Libraries, coffee shops bring adventure to writer
I’ve developed a Friday routine when I’m kinda-sorta off from work.
I say kinda-sorta because newspapers devour copy the way football players eat pizza at Cici’s.
They don’t care if you’re on vacation, sick, wheedled a day off or recently died; they still need stories for the next issue.
So I write one story on Friday and another over the weekend to keep the insatiable monster at bay.
I’ve learned to make the kinda-sorta work fun by going to the library to write. For one thing, I’ve loved libraries since I was knee-high to a card catalog; for another, it’s not as tempting to sleep, read or contemplate all my problems as it would be at home.
I’ve also given Library Tour 2015 extra zest by picking a different library each week. I even keep a brochure with me with all the branch locations and addresses.
It’s not like I check them off – that would kill the adventure – but the list serves as a handy reference if my gut doesn’t tell me where to go.
One Friday I might be in a Claycomoesque mood, another maybe more Lee’s Summitish.
Sometimes when I’m not particular, I’ll choose a library simply because it’s close to errands, a QuikTrip or near a thrift store I like.
But sometimes I like to merge library roulette with my desire to roam; a friend calls me a gallivanter.
One Friday I hit two libraries in one day in addition to seeing enough corn, windmills and old barns to keep me and my camera occupied.
It was kind of a long jaunt, but you can’t count miles when you’re saddling time off with story writing.
I even ran into a guy that day who fixes cars in a shop behind an old Interurban depot. At some point, he and his building (it’s full of antiques, collectibles, dust and dead mosquitoes from the Calvin Coolidge administration) might become a story.
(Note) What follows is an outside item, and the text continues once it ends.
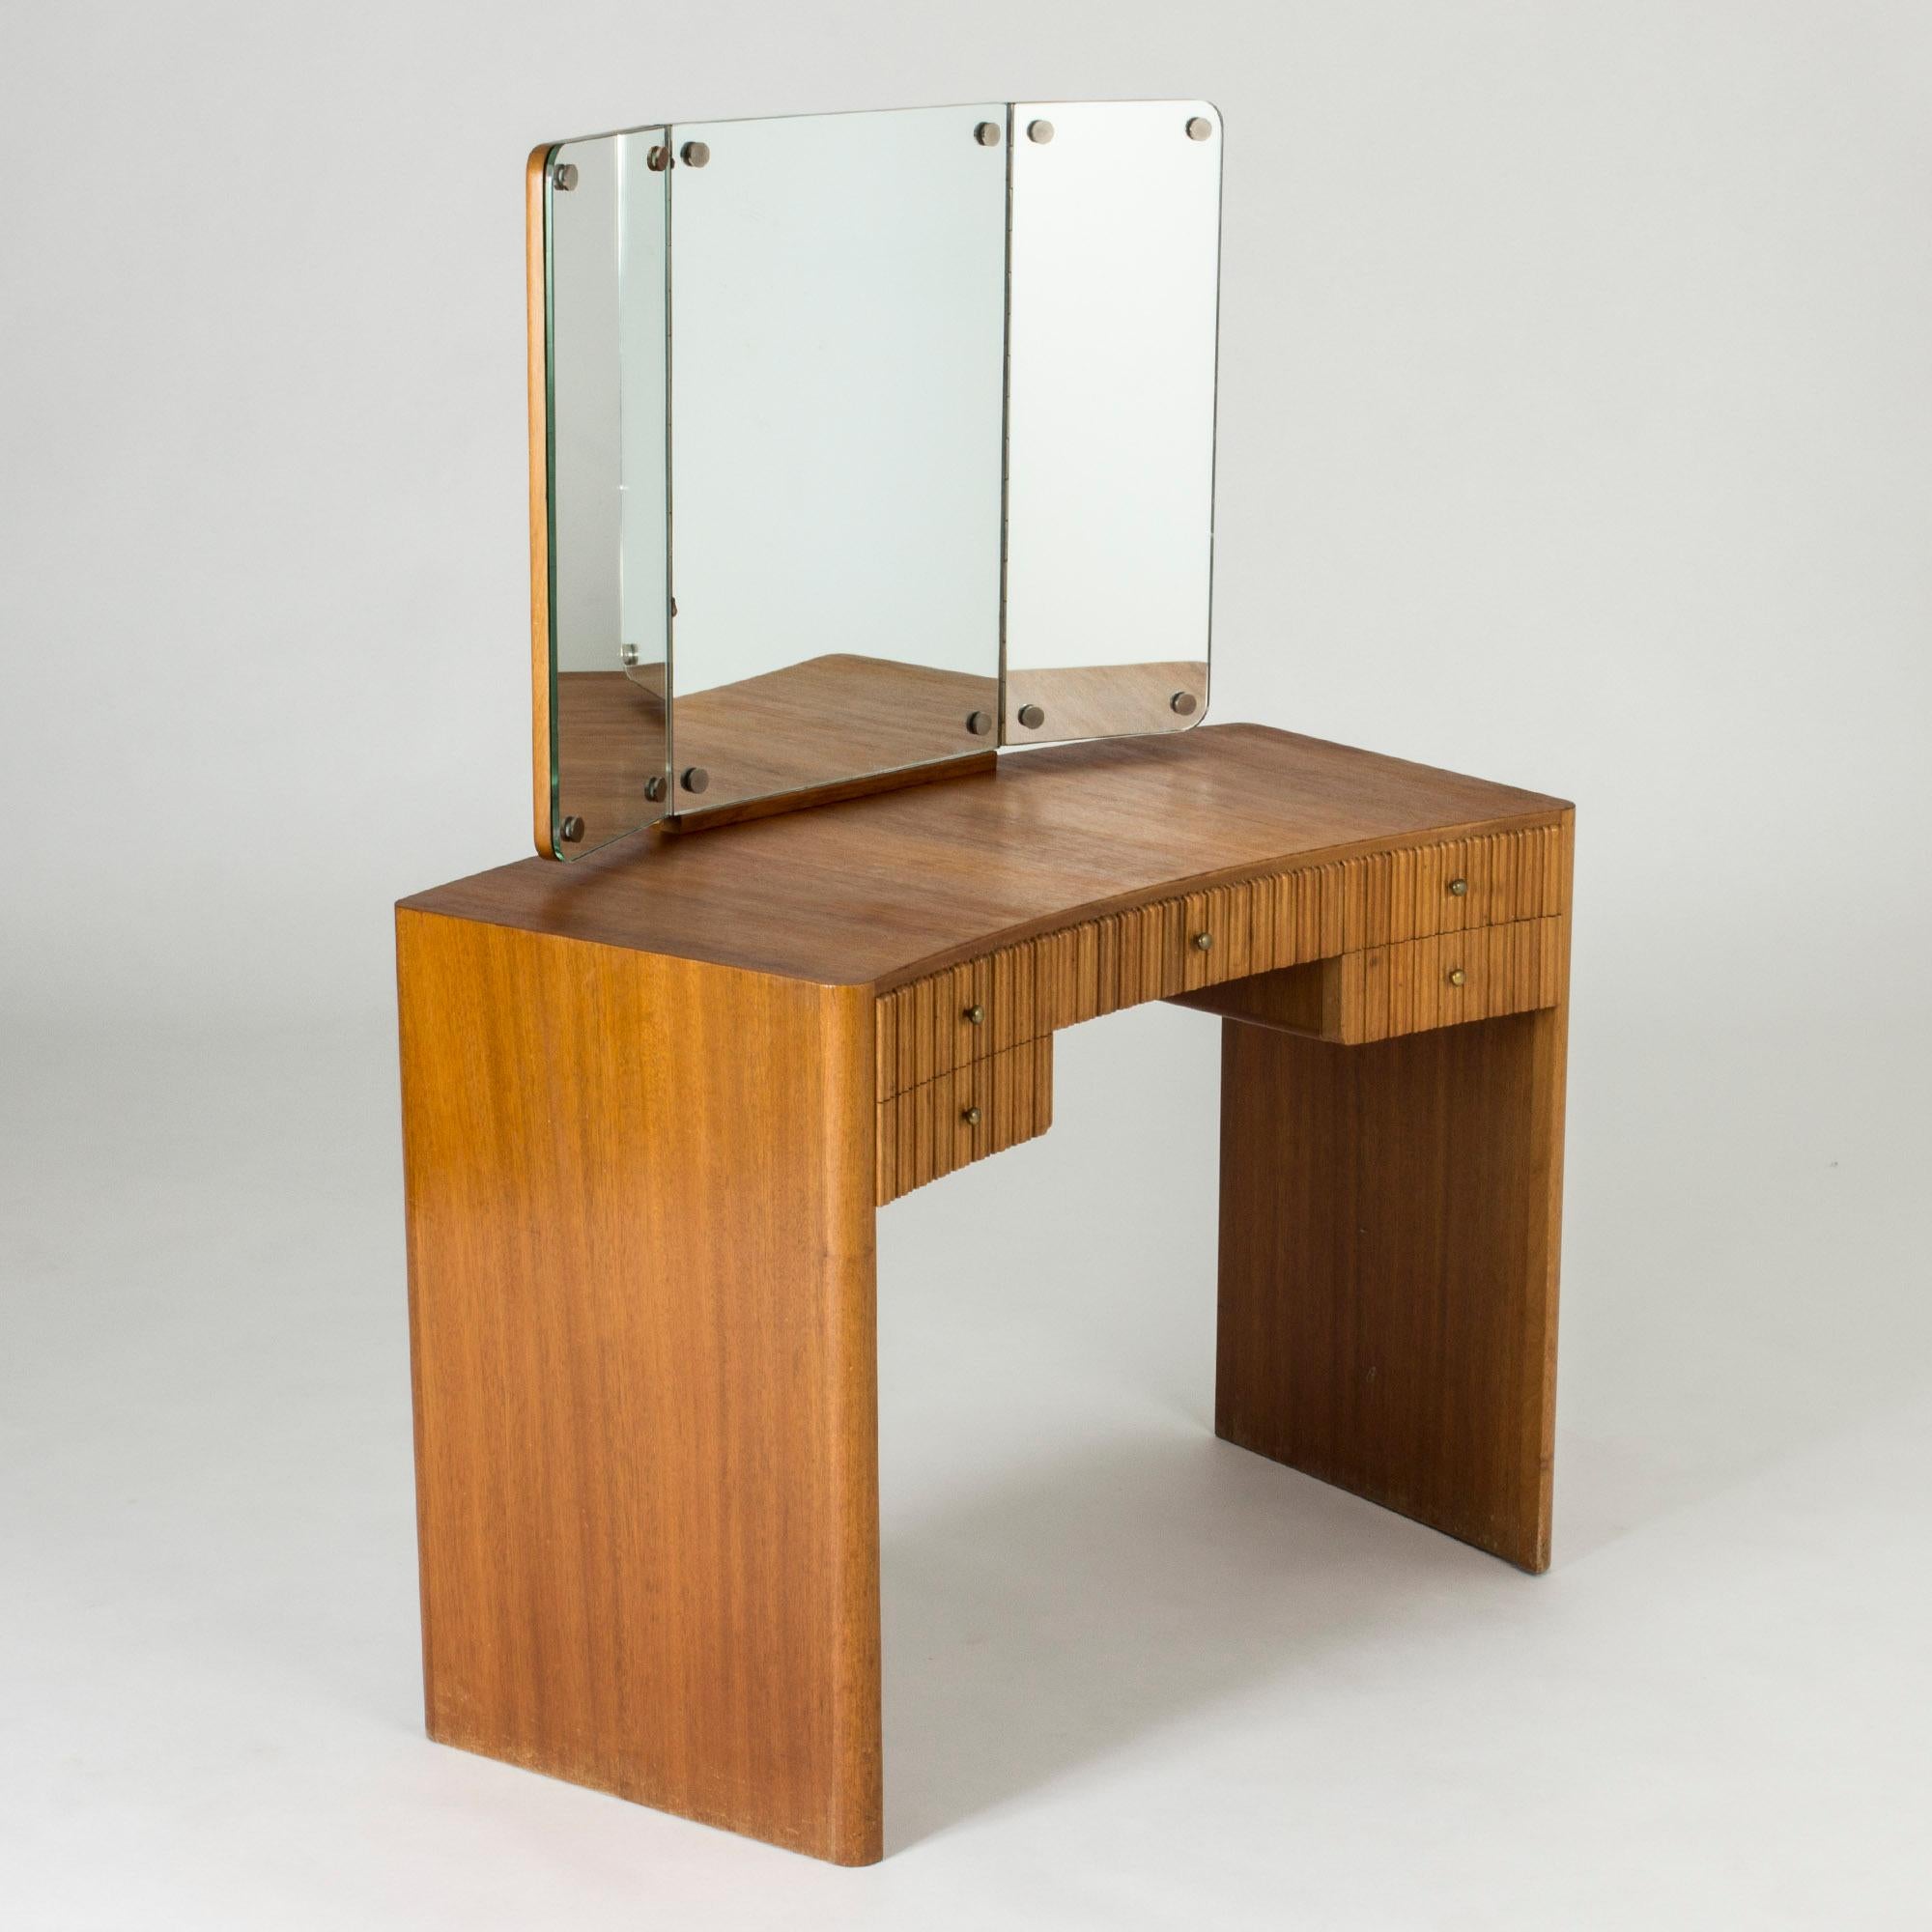 Beautiful mahogany dressing table by Carl-Axel Acking, with clean rounded lines. Mirror in three sections with adjustable sides. Striking “corrugated” look of the wood on the drawer fronts, neat brass knobs.

I recently had an early doctor’s appointment and strayed from my routine by substituting a Starbucks for the library. I’m kind of a senior-coffee-at-McDonald’s cheapskate, so this was a big departure for me.
The Starbucks was across the parking lot from a thrift store, so it made perfect sense.
What I like about libraries is their tranquility and the spacious worktables I can use to spread out my array of notes, notebooks, laptop computer, personal communication devices, gum, Lifesavers and other writer’s paraphernalia.
I also people-watch – usually there’ll be a man even older than me writing some sort of tome, maybe a memoir about the battles he fought during his 30 exciting years as an insurance underwriter.
It’s also an opportunity to test my theory that, on any given day, 94 percent of librarians will be wearing cardigan sweaters, regardless of season, and carrying reading glasses on a silver necklace.
Big-city libraries may be different, but the ones I frequent are hustle-bustle-free.
Starbucks was different. While there was still at least one male retiree working on an opus that would become his legacy, the Starbucks was a beehive of activity and offered a scribe of my ilk a table the size of a dinner plate.
I was committed to working there, so I bought a $3 coffee Americana, half-regular, half-decaf, and moved two circular dinner-plate tables together to make room for the tools of my trade.
I finally found a place to plug in my computer charger, but it was below the table and to my left, a location better suited to a yoga instructor than an arthritic scribbler. With my unique brand of inflexible contortionism, I was afraid I’d take an embarrassing tumble.
Not only would it be disruptive, but a fall could create a domino effect and spill a line of $4 mocha latte double espressos at the adjoining tables and leave the klatch of texting, tweeting hipsters all a titter.
I wouldn’t say the coffee shop was a bad experience. You live, learn and realize that sometimes breaking a routine is the best way to know just how much you like it.